Considering this is the same Chris Paul who saw his coach fired last year, suffered through a disappointing season of injuries and ineffectiveness, and missed the playoffs in 2010, it’s mind-blowing. Coming into 2011, not much was expected of a pieced together New Orleans roster with a solid collection of role players. Let’s be real – David West, Marco Belinelli, Emeka Okafor, Willie Green and Trevor Ariza are not exactly the Showtime Lakers running with Magic. How would a formerly disgruntled, recovering-from-injury Chris Paul find any sort of success to make him actually want to stay in New Orleans with that crew led by first year coach Monty Williams? Very few would have begrudged Paul for mailing it in this year.
Except, Paul flipped the script by not going through the motions and taking New Orleans past Utah, past Phoenix, and past other talented teams into the postseason. Yea, that was nice, but with David West out of action and going up against the two-time defending champs in Round One, it was a sure bet that this would be the end of the road for the Hornets. Then, we could go back to the normalcy of offseason trade rumors for Chris Paul.

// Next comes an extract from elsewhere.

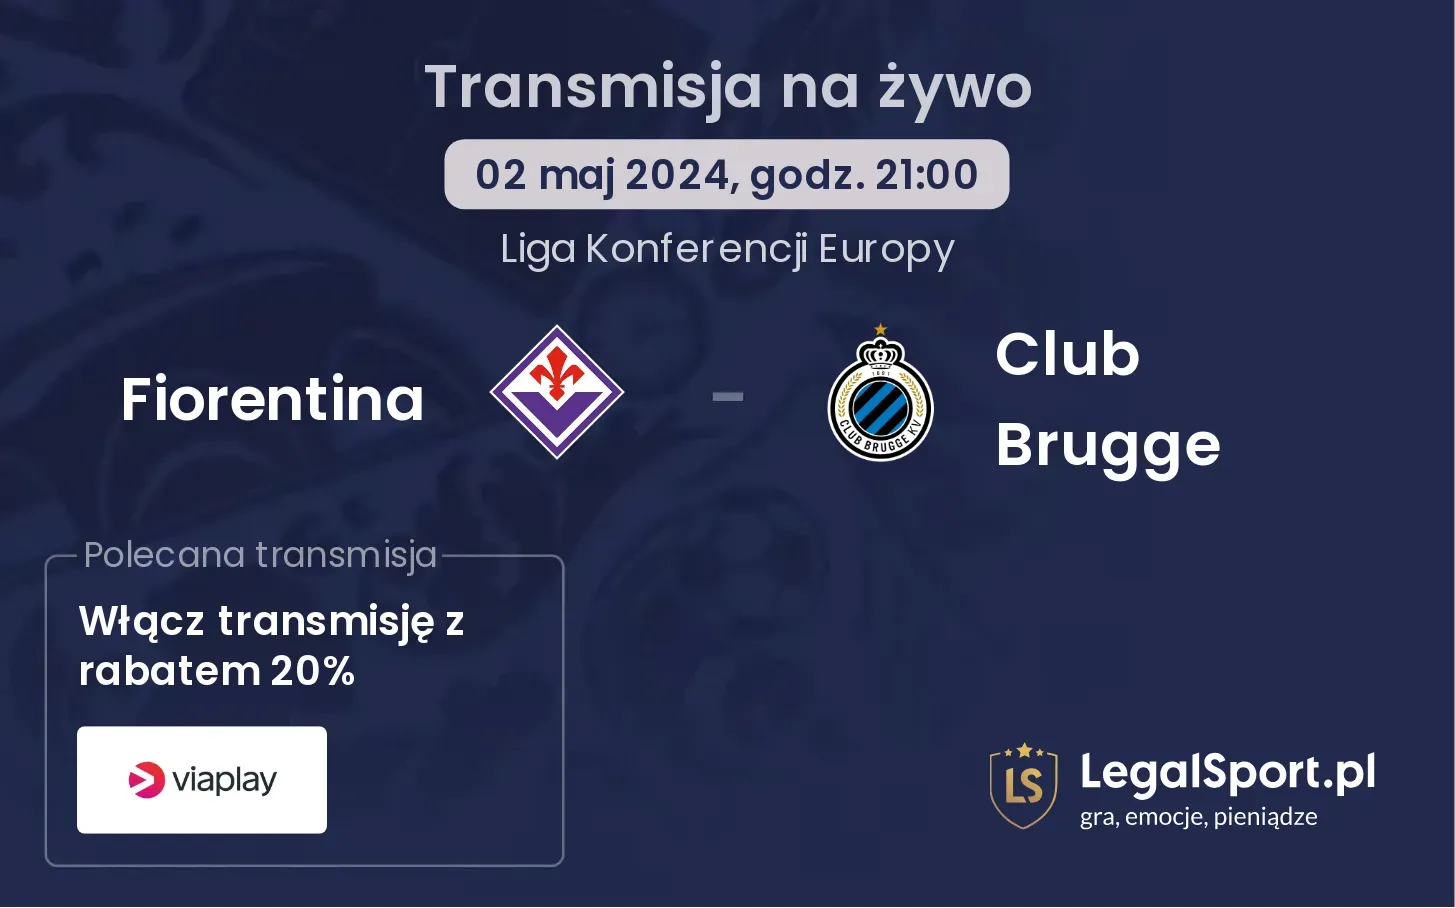 Fiorentina - Club Brugge transmisja na żywo

But, as Game 1 unfolded, Chris Paul became more than another offseason talking point, he became CP3 again.
It seems like forever ago, but it was 2008 when CP3 took the Association by storm. CP3 was a First-Team All-NBA performer, 2nd in the MVP voting, and led the Hornets into the postseason as the #2 seed in the West. In his first playoff series, he beat down Jason Kidd like an angry John Shaft. The Hornets lost in the next round to the more experienced Spurs in seven games, but CP3 became a bona fide top flight player. He wasn’t just the best point guard in the game at that time, folks were talking about him as potentially being one of the greatest PG’s of all-time. Then, after a 1st Round exit in 2009 and the 2010 disaster, CP3 disappeared and became Chris Paul, very good but mostly anonymous player, again. Let’s not pretend we all saw CP3’s dramatic return coming either on Sunday though – Paul had one, count ’em, one 30 point game this season.

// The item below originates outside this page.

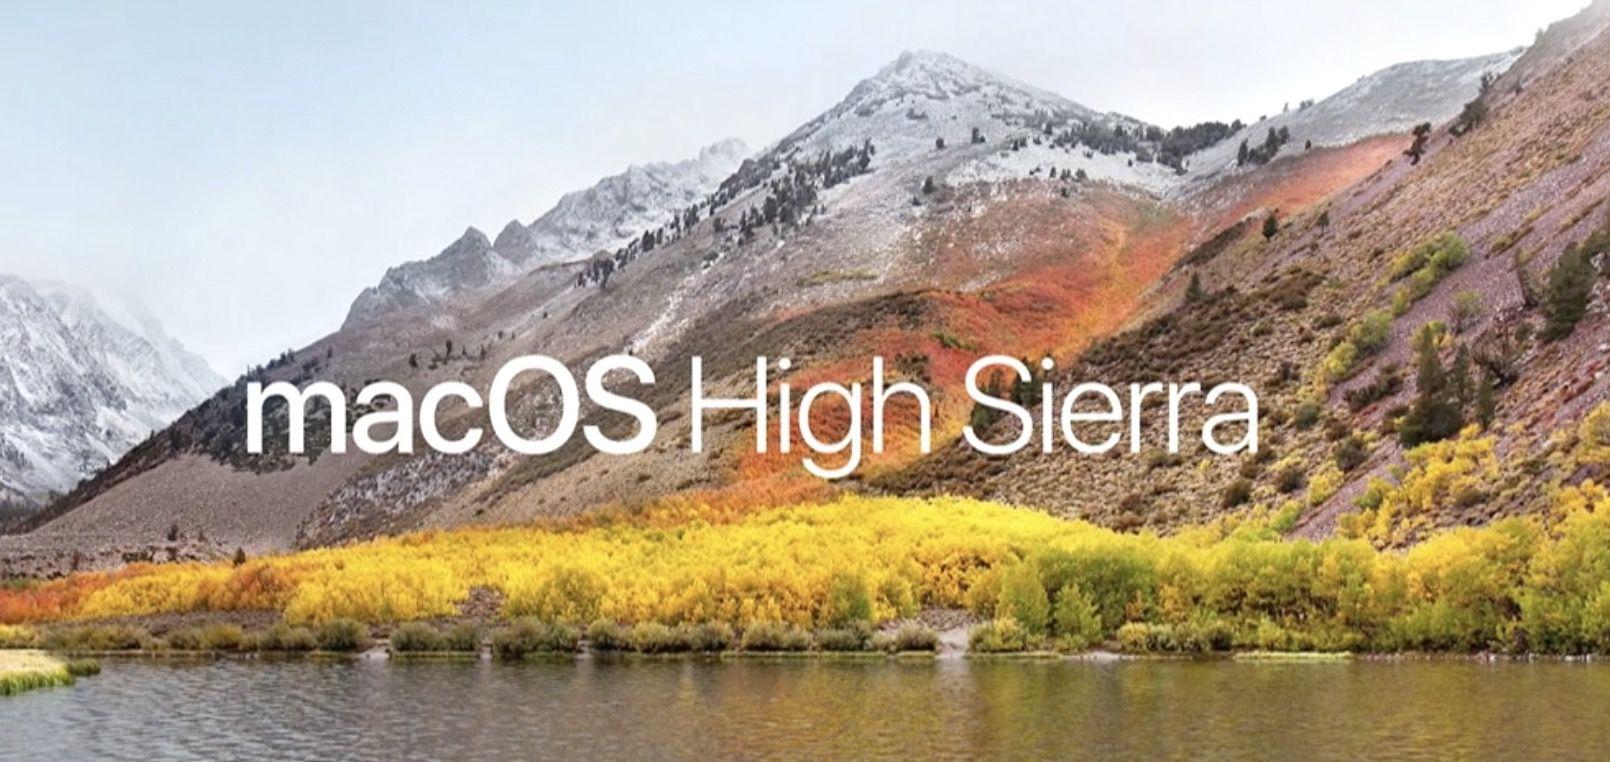 Macos High Sierra Wallpapers Top Free Macos High Sierra Backgrounds Wallpaperaccess

But, as the Playoffs are known to do, a little bit of magic happened in Los Angeles and CP3 returned to the big stage. The Hornets lead was 5 when CP3 entered the 4th Quarter with 9:18 on the Staples clock. In that 9:18, Paul scored 17 points on 4/5 FG and 9/10 FT. That included 10 out of 12 points (and an assist on the other basket) with just under 5 minutes to play to take the NOLA lead from 90-87 to 102-92. Paul did it all on Sunday – dropping dimes, nailing jumpers, hitting floaters, and leading a New Orleans team that tied an all-time NBA Playoffs record with only three turnovers. CP3 had more steals (4) than his team had turnovers (3), how’s that for some leadership at the point?
Except at the point, position by position, the Lakers are vastly superior. They have the edge in talent, experience, length, banners, fans, creepy old Hollywood celebs, and any other category you can think of to quantify their massive advantage. They’ll probably come back to win the series easily, too. Except, on Sunday, they didn’t have CP3. Not just Hornets fans, but any fan of the Association should rejoice in a great player coming back into the spotlight for his on-court magnificence instead of his trade drama or impending offseason TV show. Welcome back, CP3, we’ve missed ya.